Trump wants tech companies to foot bill for new power plants due to AI
The Trump administration and several state governors on Friday urged the largest electricity grid in the U.S. to make the big technology companies pay for new power plants.
Electricity prices have exploded in recent years on PJM Interconnection due in part to the data centers that tech companies are building to train and power artificial intelligence.
The PJM grid serves more than 65 million people across 13 states and Washington, D.C. Its service area includes northern Virginia, the largest data center market in the world.
The Trump administration and several states signed a pact that calls for tech companies to pay for new power plants built in PJM. Leading tech companies have agreed to fund $15 billion of new generation for the grid, according to an administration statement.
The Trump administration and the states urged PJM to hold an emergency capacity auction to procure this power, according to the Department of Energy. PJM should also cap the amount that existing power plants can charge in the grid’s capacity market to protect ratepayers, according to the administration.

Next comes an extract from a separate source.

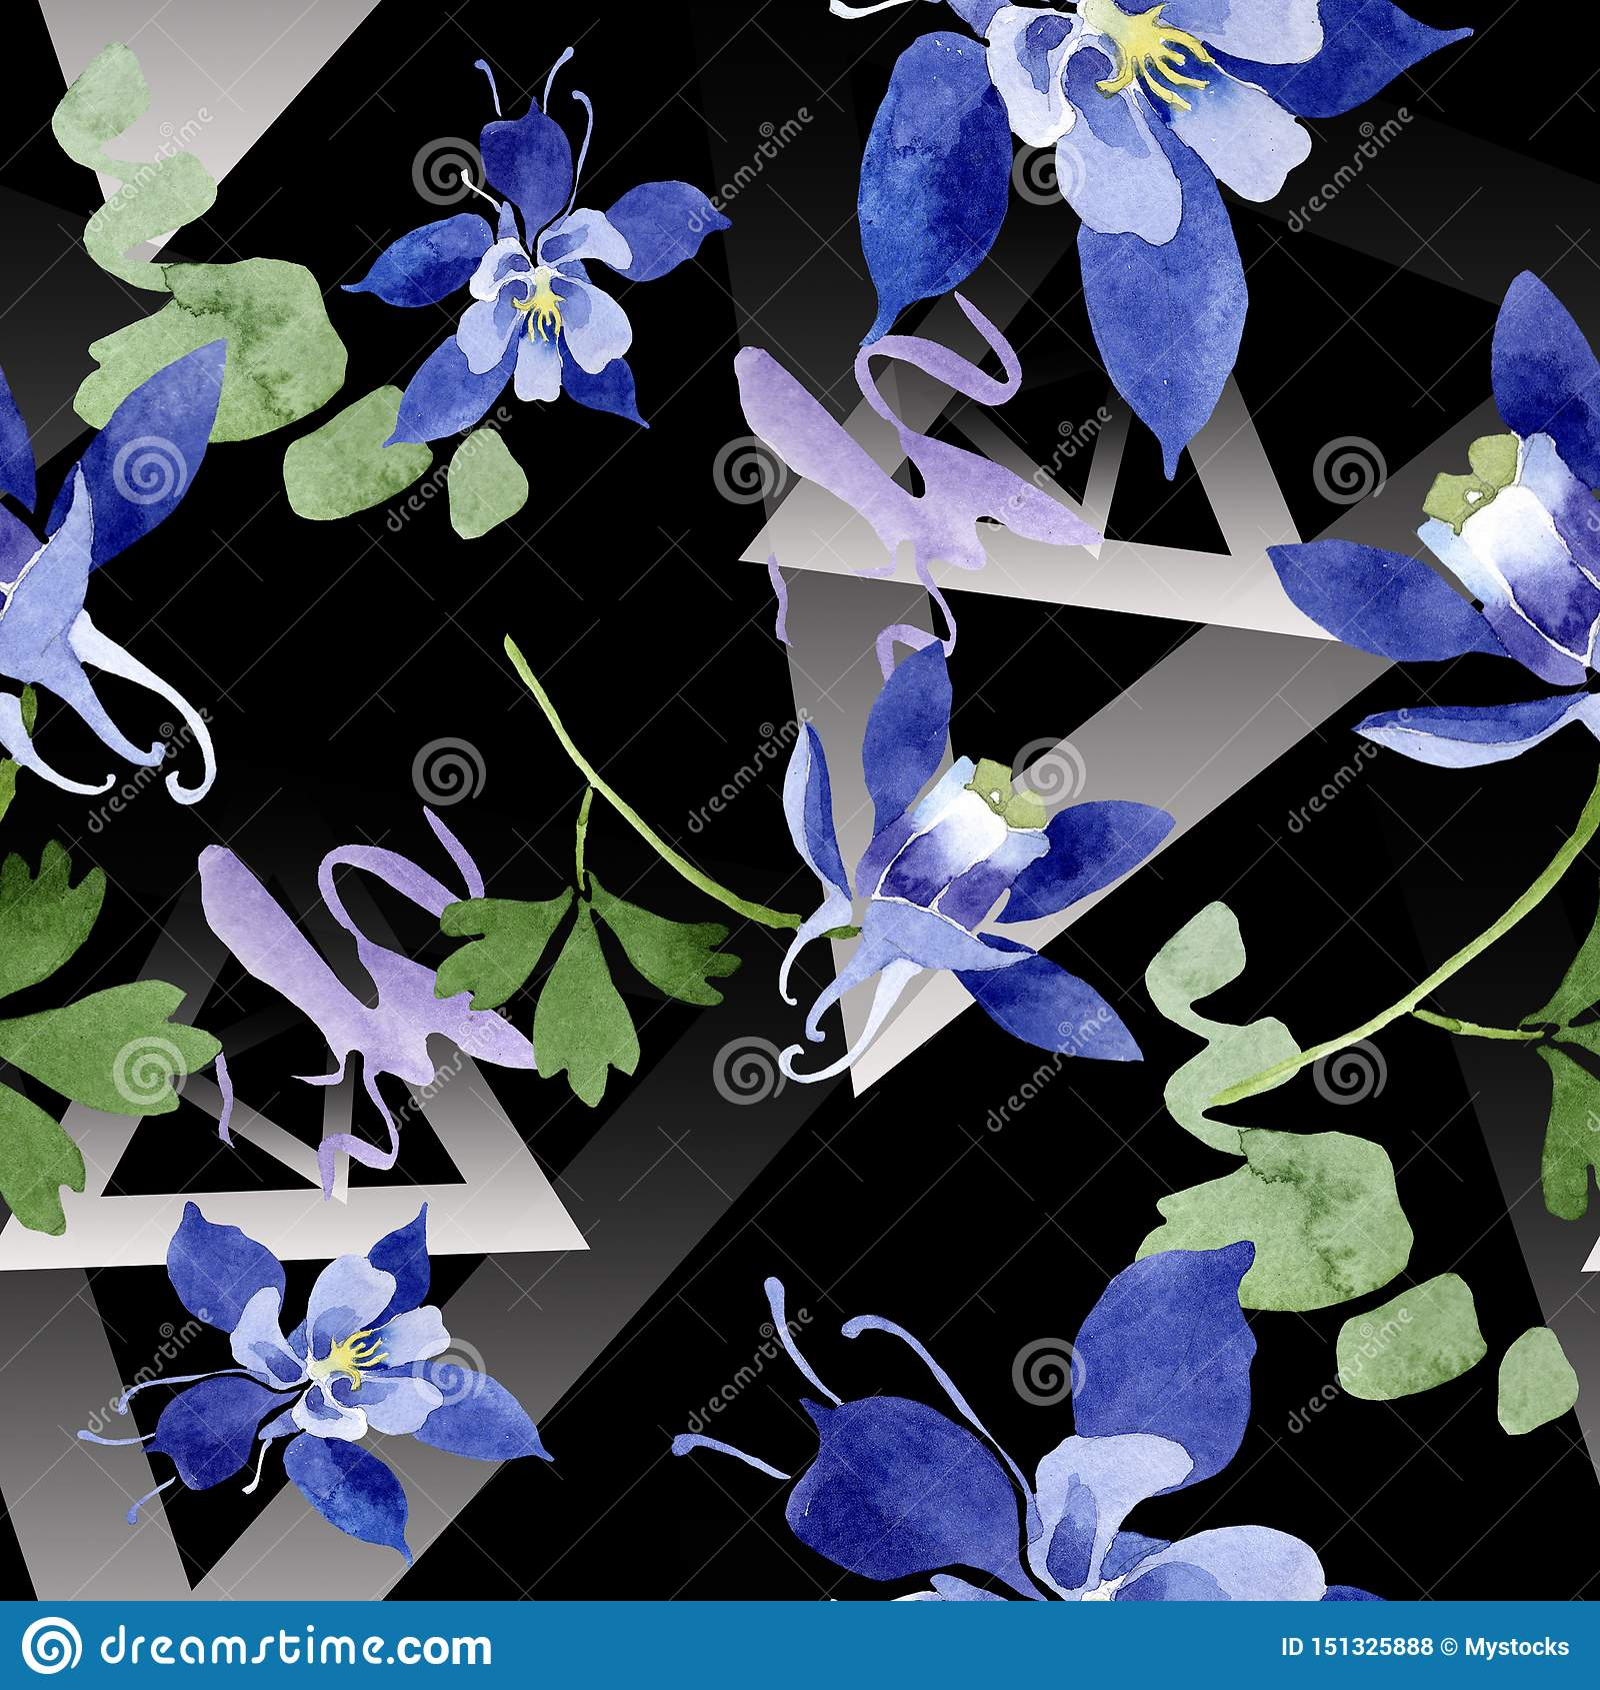 Blue aquilegia floral botanical flowers. Watercolor background illustration set. Seamless background pattern.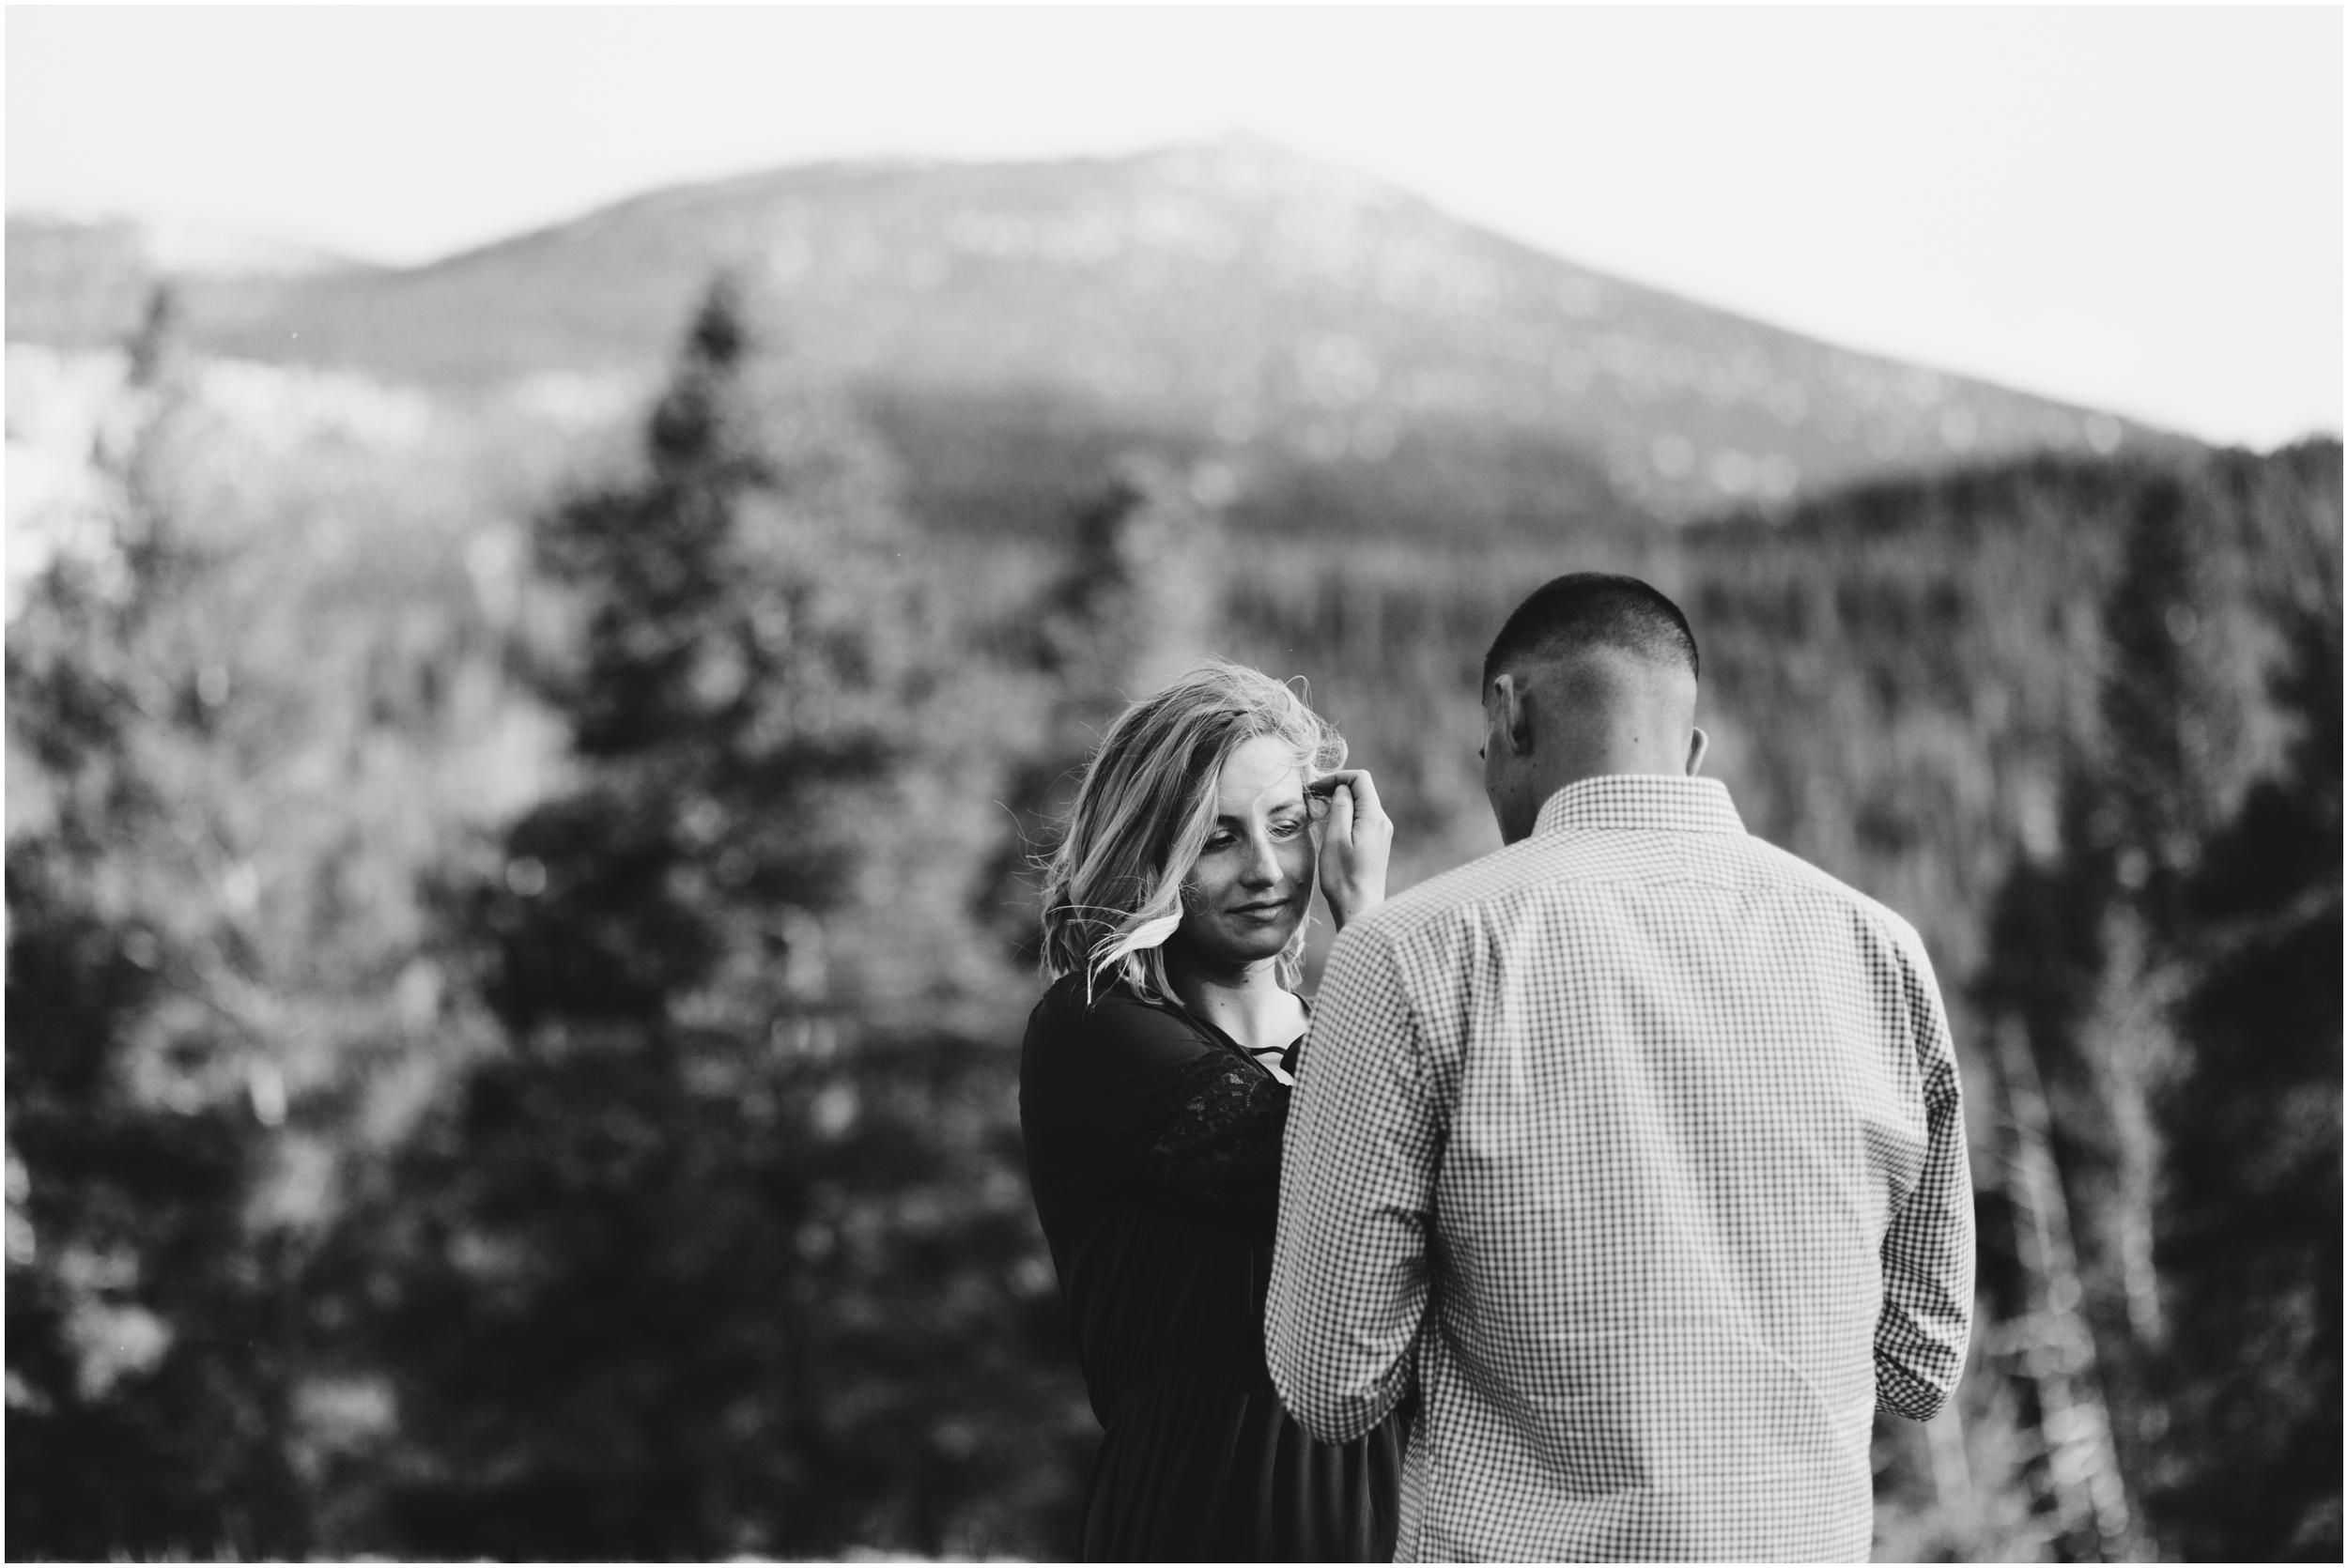 rocky-mountain-national-park-elopement-sprague-lake-colorado-adventure-wedding-photographer_taylor-powers_65.jpg

Interior Secretary Doug Burgum and Energy Secretary Chris Wright unveiled the plan at the White House with Maryland Gov. Wes Moore, Pennsylvania Gov. Josh Shapiro and outgoing Virginia Gov. Glenn Youngkin. PJM representatives were not at the event.
“We have to get out from underneath this bureaucratic system that we have in the regional grid operators and we’ve got to allow markets to work,” Burgum said at the White House. “One of the ways markets can work is to have the hyperscalers actually rapidly building power.”
Utility bills are rising in many parts of the U.S. despite Trump’s promise to lower energy prices during his presidential campaign. The issue played a major role in the landslide victories of Democrats Mikie Sherrill and Abigail Spanberger in the governors’ races of New Jersey and Virginia, respectively.
The price to secure power capacity in PJM has exploded in recent years with $23 billion attributable to data centers, according to watchdog Monitoring Analytics. Those costs are passed down to consumers. This amounts to a “massive wealth transfer,” the watchdog told PJM in a November letter.
PJM was six gigawatts short of its reliability requirement for 2027 in its most recent auction. Six gigawatts is equivalent to six large nuclear plants.
Gov. Shapiro threatened to withdraw from PJM if it does not accept the proposed reforms.
“Make no mistake if PJM, this sort of faceless bureaucratic organization that is driving prices up on the American people, does not change and does not reflect what we are putting forth here today, Pennsylvania will be forced to act and forced to go it alone,” Shapiro said.
PJM said in a statement that it is reviewing the proposals laid out by the White House and the governors.